### Data provided:
************
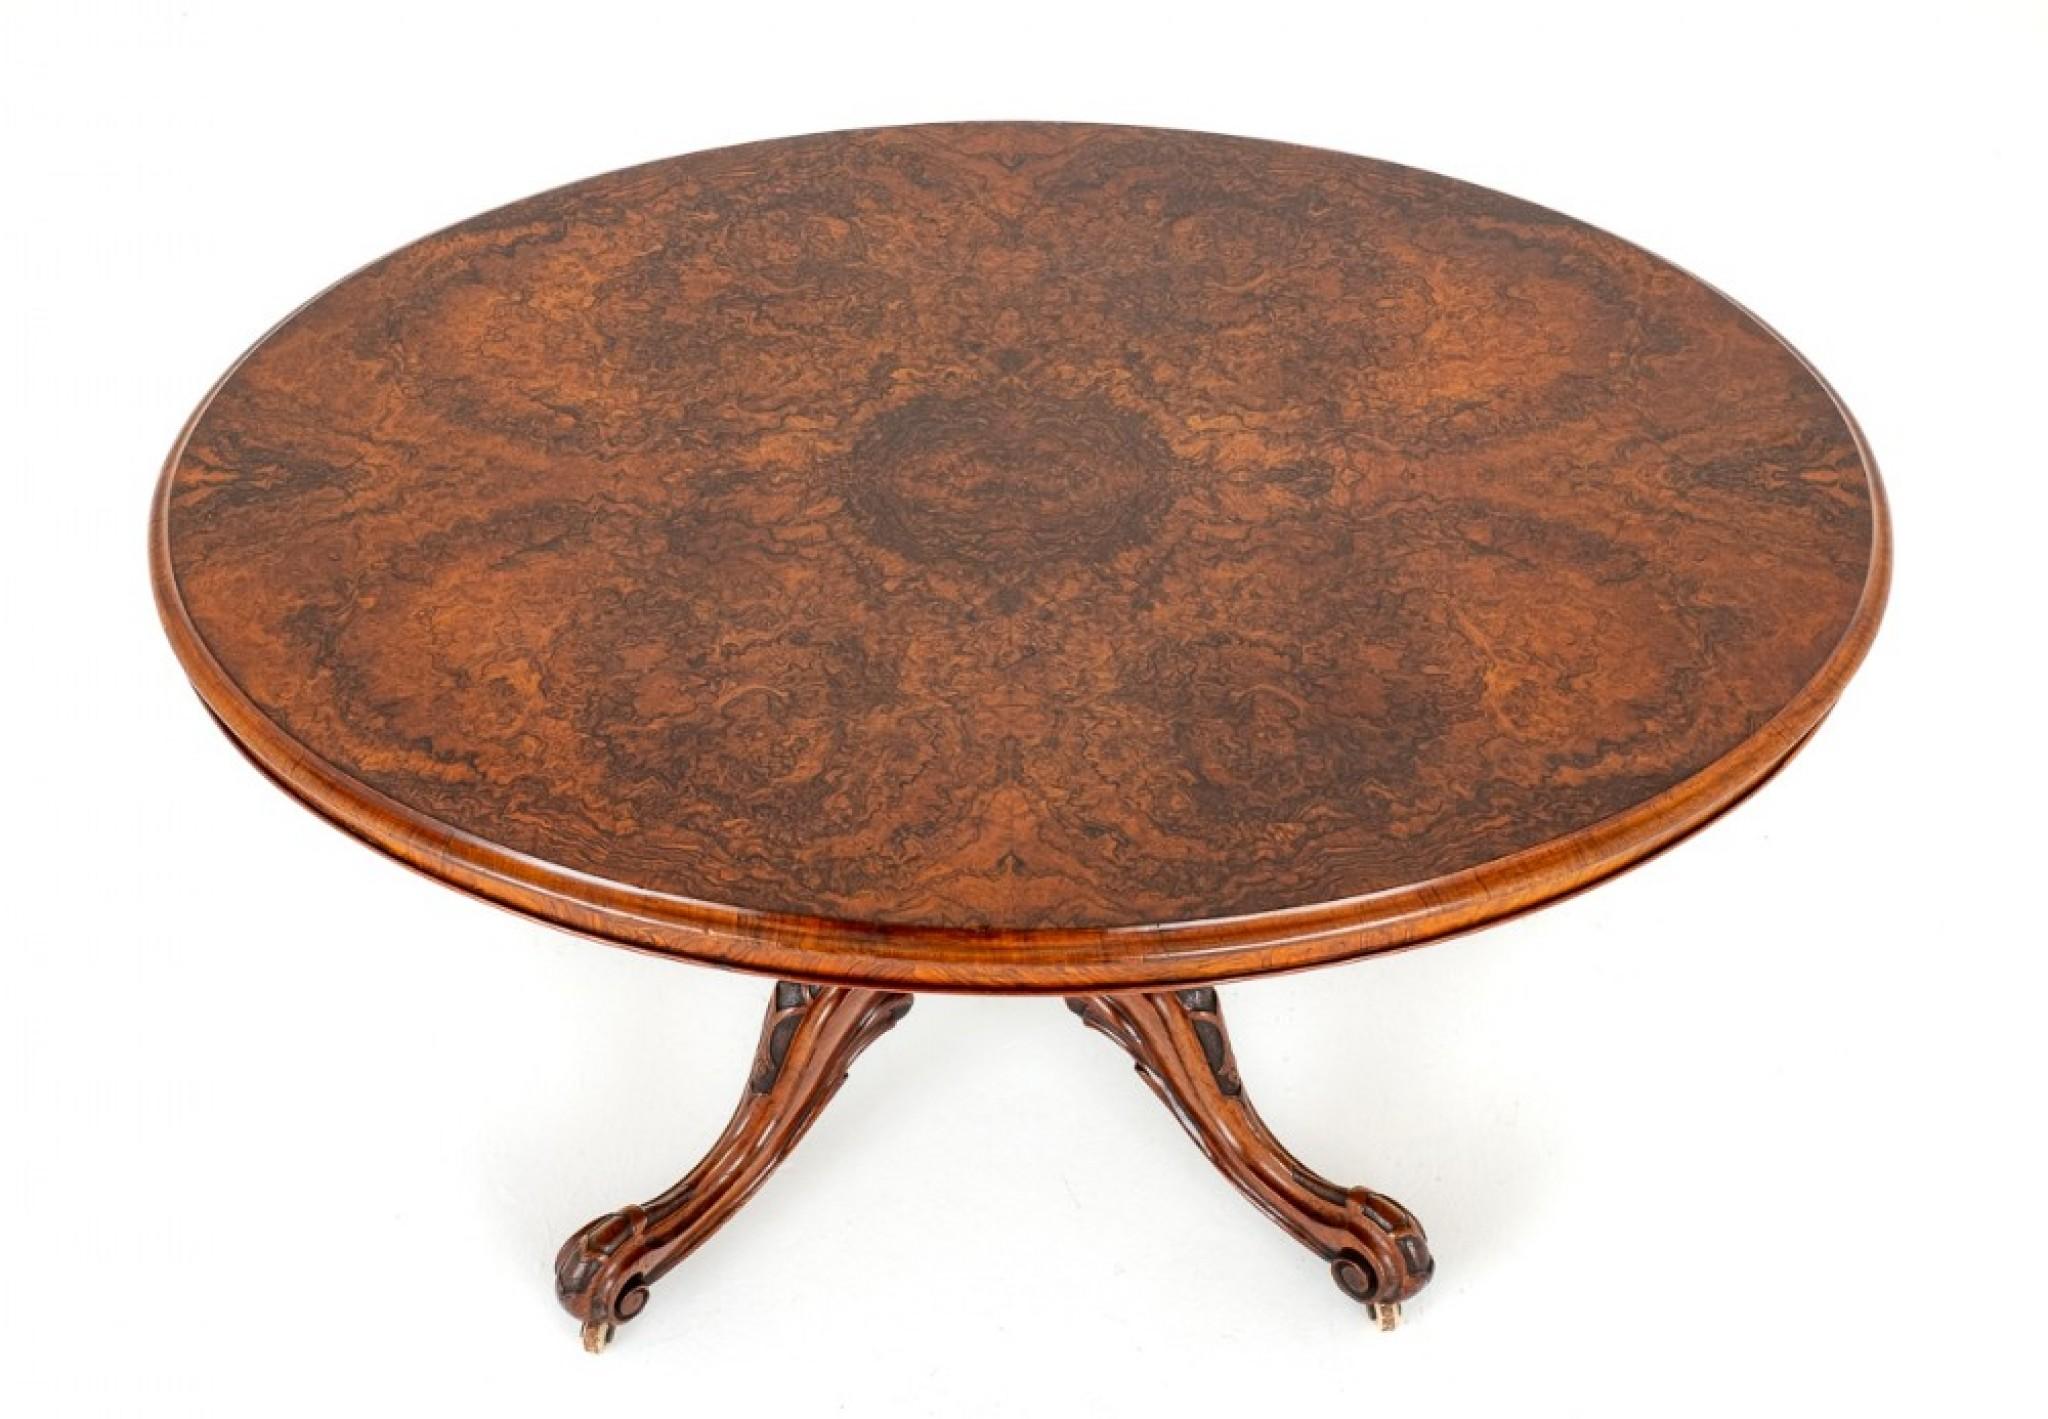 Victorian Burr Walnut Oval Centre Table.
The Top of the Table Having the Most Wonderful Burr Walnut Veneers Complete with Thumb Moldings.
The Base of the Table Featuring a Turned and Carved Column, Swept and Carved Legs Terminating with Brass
************
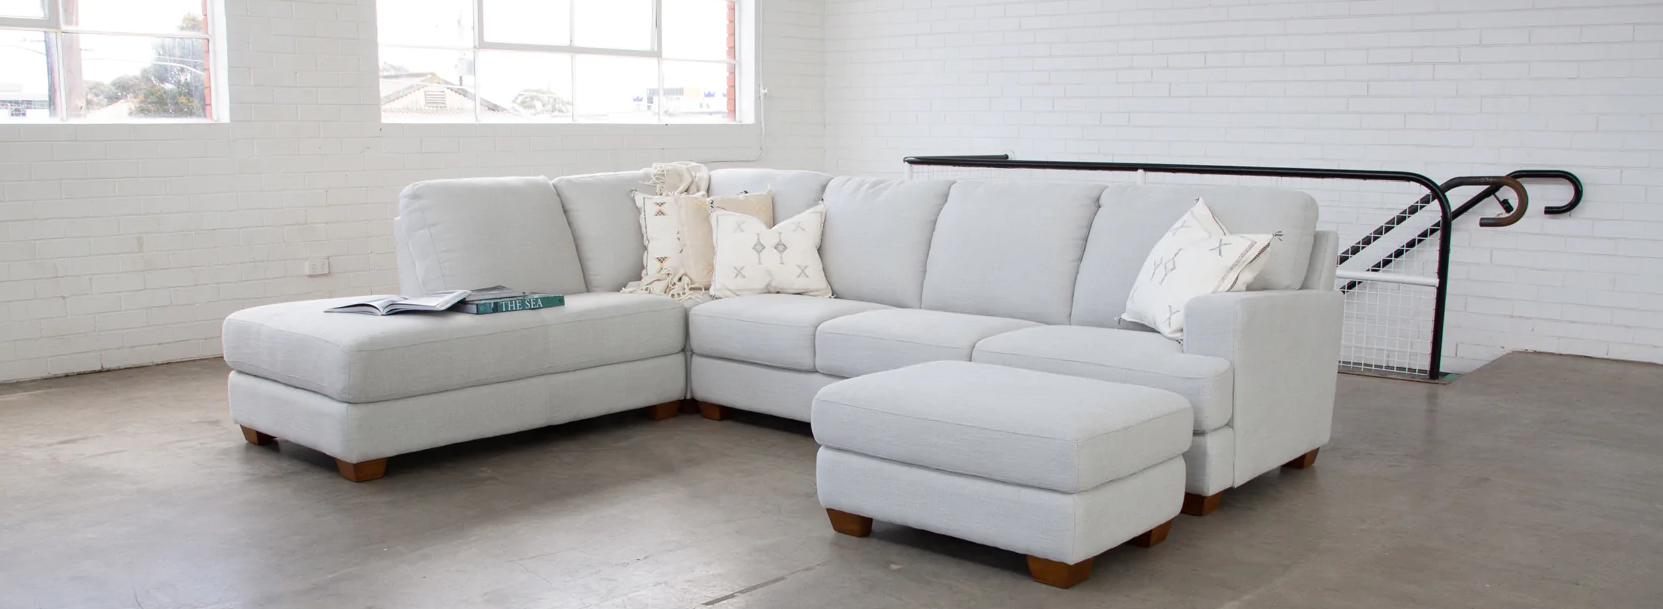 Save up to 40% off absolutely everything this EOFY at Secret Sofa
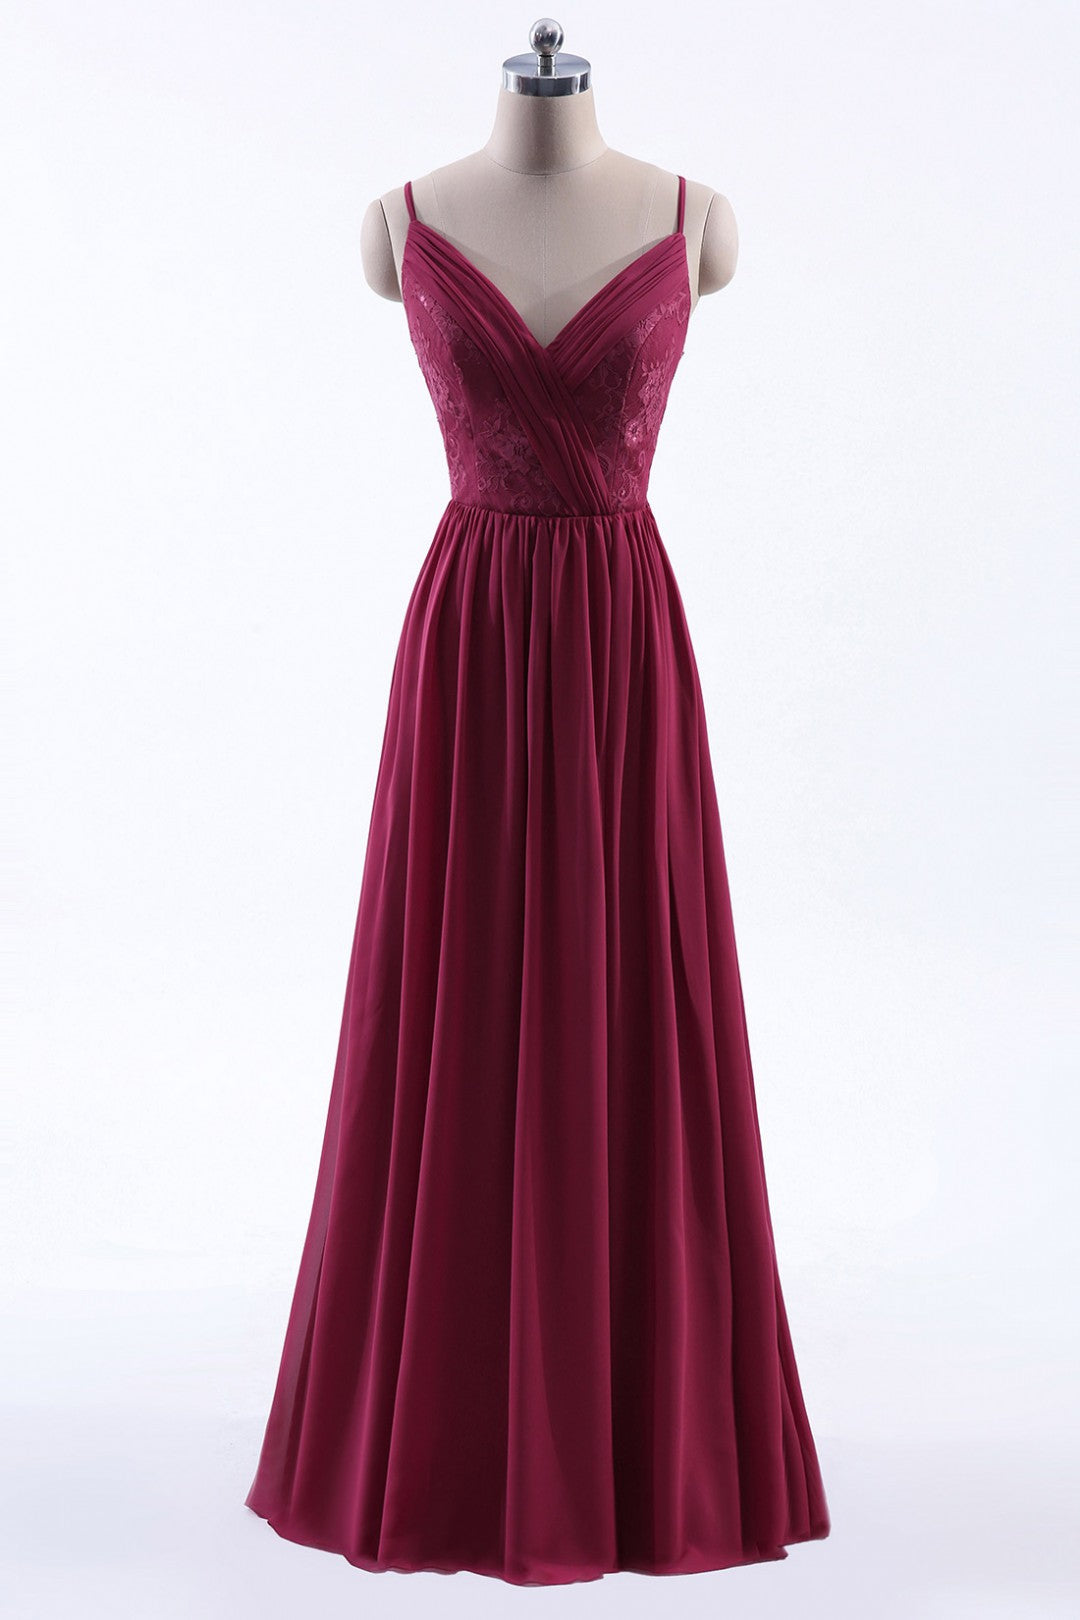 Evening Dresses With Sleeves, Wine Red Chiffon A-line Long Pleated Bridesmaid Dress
************
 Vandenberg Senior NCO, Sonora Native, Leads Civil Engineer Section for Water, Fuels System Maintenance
************
### To do:
Copy only what runs above from the line containing "Victorian Burr Walnut Oval Centre Table." through the line containing "The Base of", exactly. Leave out the pictures.

### Reply to the task:
 Victorian Burr Walnut Oval Centre Table.
The Top of the Table Having the Most Wonderful Burr Walnut Veneers Complete with Thumb Moldings.
The Base of the Table Featuring a Turned and Carved Column, Swept and Carved Legs Terminating with Brass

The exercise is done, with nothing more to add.